Tous ignoraient que le Dr Daniel venait d’assister à une conférence où il avait découvert une nouvelle technique appelée « intervention Ponto à effraction minimale », ou MIPS selon l’acronyme anglais. Après avoir rencontré Karina, il s’est dit qu’elle serait une candidate idéale pour cette technique. « L’intervention a été évaluée en Europe, mais c’est la première fois qu’elle est pratiquée en Amérique du Nord », dit le Dr Daniel.
La technique MIPS est conçue de manière à minimiser les complications pendant et après l’opération, et elle ne laisse aucune cicatrice, puisqu’il s’agit d’une opération sans suture. L’implant cochléaire en conduction osseuse est placé à 50 mm du canal auditif et est pratiquement invisible à la naissance des cheveux. L’intervention de 10 minutes ne nécessite qu’une anesthésie locale et le patient peut rentrer à la maison le jour même. « Pendant l’intervention, le patient peut ressentir une certaine pression ou des vibrations similaires à celles d’une brosse à dents électrique, mais aucune douleur », précise le Dr Daniel.

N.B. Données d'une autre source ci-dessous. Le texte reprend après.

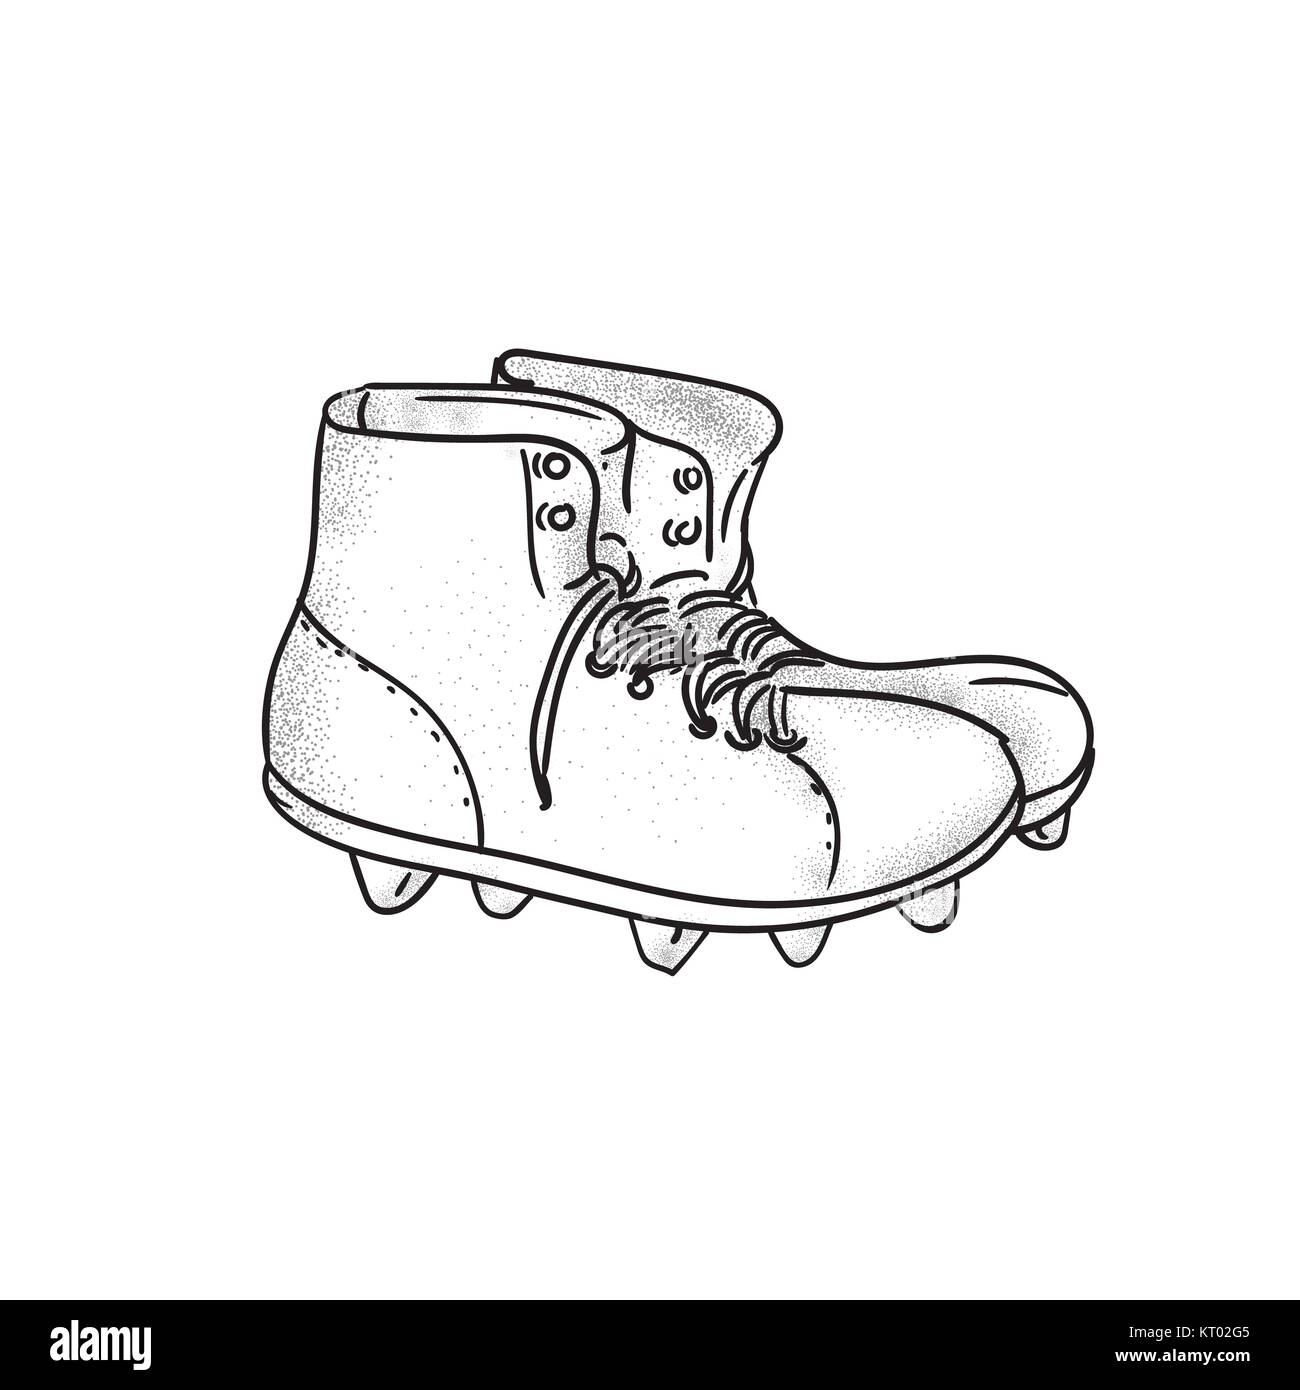 Vintage Football Boots Stockfotos & Vintage Football Boots

Karina a été opérée le 18 novembre, et elle était tout excitée d’être éveillée pendant l’opération. « J’ai pu voir l’intérieur d’une salle d’opération pour la première fois de ma vie, dit-elle. C’était passionnant. Je me suis sentie comme dans la série “Dre Grey, leçons d’anatomie” ». Pendant l’opération, le Dr Daniel a fait un petit trou sur le côté de la tête de Karina, puis il a inséré une vis dans son crâne. Au cours du prochain mois, la vis va fusionner avec l’os et les médecins pourront terminer l’intervention en y fixant un petit microphone externe qui transportera les vibrations à travers l’implant et le long de son crâne. « Elle pourra alors capter et traiter les sons par son oreille gauche », explique le Dr Daniel.
Stacey et François sont très fiers de leur fille et de sa décision de subir l’opération. « Karina a lu tout ce qu’elle a trouvé sur cette intervention et elle a pris la décision de recevoir l’implant, expliquent-ils. Nous ne pouvons pas imaginer ce qu’on peut ressentir quand le silence fait place au son. » Évidemment, l’opération veut aussi dire que certaines choses vont changer dans la maison pour Karina. « Je suppose que je ne pourrai plus utiliser ma surdité comme excuse pour me sauver des corvées », déclare-t-elle en riant.